In addition to Weibo, there is also WeChat
Please pay attention
WeChat public account
Shulou
2025-02-24 Update From: SLTechnology News&Howtos shulou NAV: SLTechnology News&Howtos > Internet Technology >
Share
Shulou(Shulou.com)06/03 Report--
Importing Excel files into relational database is a common thing in data analysis business, but the format of many Excel files is irregular, so it is necessary to structure the data in advance and then use SQL statements to write them into the database. In general, the structured workload will be relatively large, and it is difficult to generalize, so it is necessary to analyze the file format before development.
The SPL language of the aggregator is an efficient and flexible tool, which can easily read excel data, then structure it into an "ordinal table" and import it into the database. After using the SPL language, the structured storage of Excel data, which used to require thousands of lines of code, can now be done with less than 10 lines of code, or even 2 or 3 lines of code in a simple case. Is it really that amazing? Let's take a look at the magic.
Extracting complex Excel data with 10 lines of code
Next we will discuss how to use the aggregator to structure Excel data on a case-by-case basis. For the functions used in this article, please refer to the aggregator document "function reference".
1. Ordinary line type
Look at the simplest case first: as shown in the following figure, the first row in the Excel file is the column header, and starting with the second row, each row is a data record.
It is also very simple for the aggregator to process such files:
A
one
= file ("student transcript .xlsx") .xlsimport@t ()
two
= connect ("demo")
three
= A2.update (A1 ~ ~ xscj)
A1 opens the "student score sheet .xlsx" file and imports it into the sequence table. The option @ t indicates that the first row of the file is a column header.
A2 connects to demo database
A3 saves the order table in A1 to the xscj table in the demo database. Because the column names in the table are the same as the field names in the order table, you only need to specify the data table name. For more details on the use of the update function, please refer to the function documentation.

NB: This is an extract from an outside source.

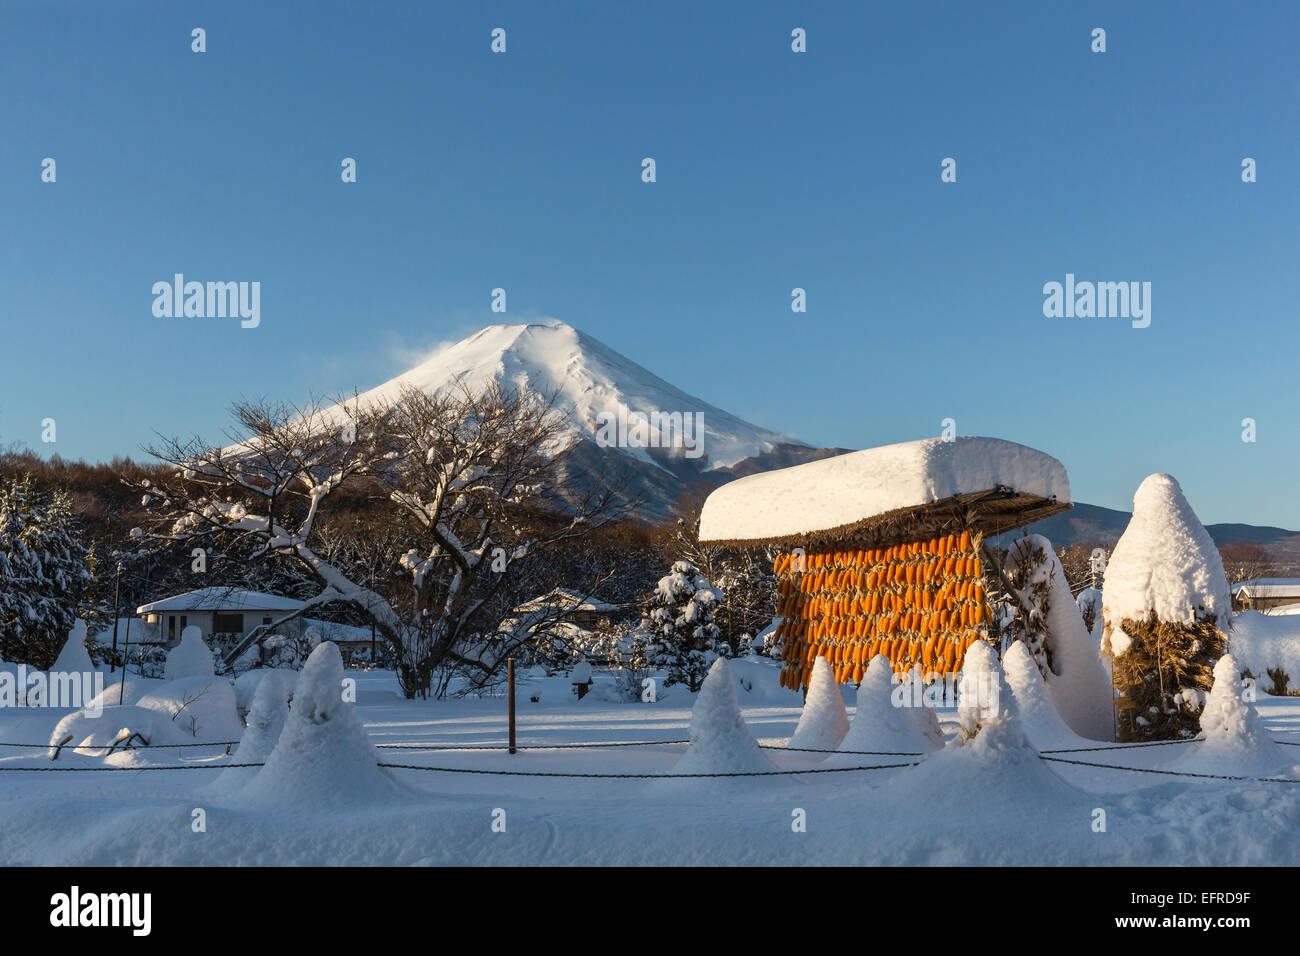 Mount Fuji and Snowfield, Yamanashi, Japan - Stock Image
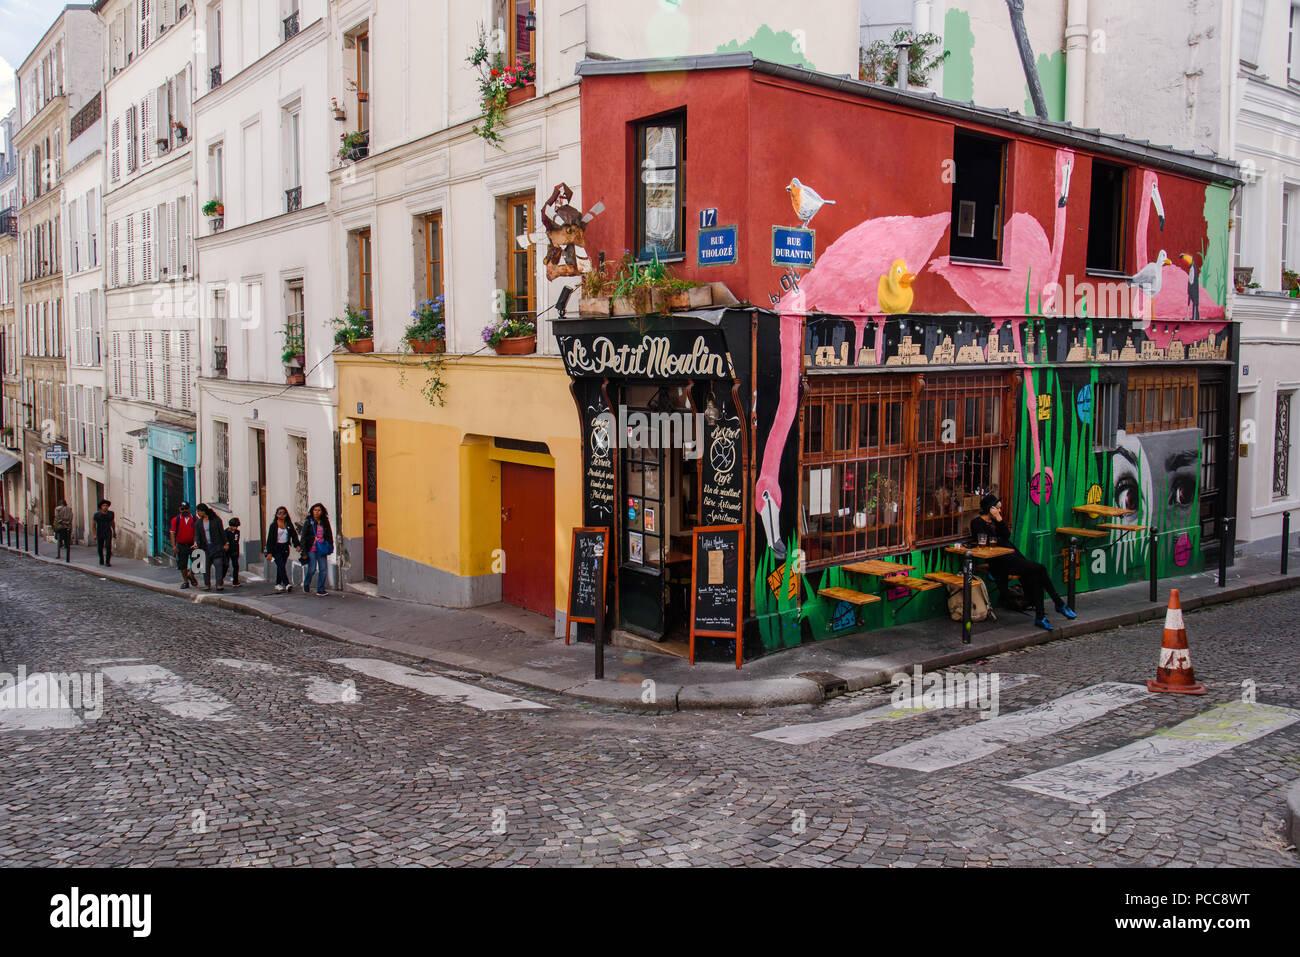 French Restaurant Le Relais Gascon Stock Photo

The sequence table obtained in A1 is shown in the following figure:
The A2 and A3 two-step methods of connecting to the database and storing the order table in the database are common, so these two steps will not be written in the following examples, but will only focus on how to structure the data in Excel into sequence tables.
two。 Multi-row header row type
Most of the time, the Excel file is not as simple as the above example, and the header is often complex, including table name, project name, page number, filler, date, and so on. Like this:
For this kind of table, we have to skip the header and start reading directly from the data row.
A
one
= file ("list of measures and valuation .xlsx") .xlsimport (; 1pc5)
two
= A1.rename (# 1: serial number, # 2: project code, # 3: project name, # 4: unit of measurement, # 5: quantity, # 6: unit price, # 7: consideration)
A1 opens the file and imports the data sequence table. The parameter "1 sheet 5" indicates that the first file is read from line 5 to the end of the file.
A2 changes the column name of the sequence table read in A1 to "serial number, project code, project name, unit of measurement, quantity, unit price, consideration price", that is, the column name of the data table to be deposited.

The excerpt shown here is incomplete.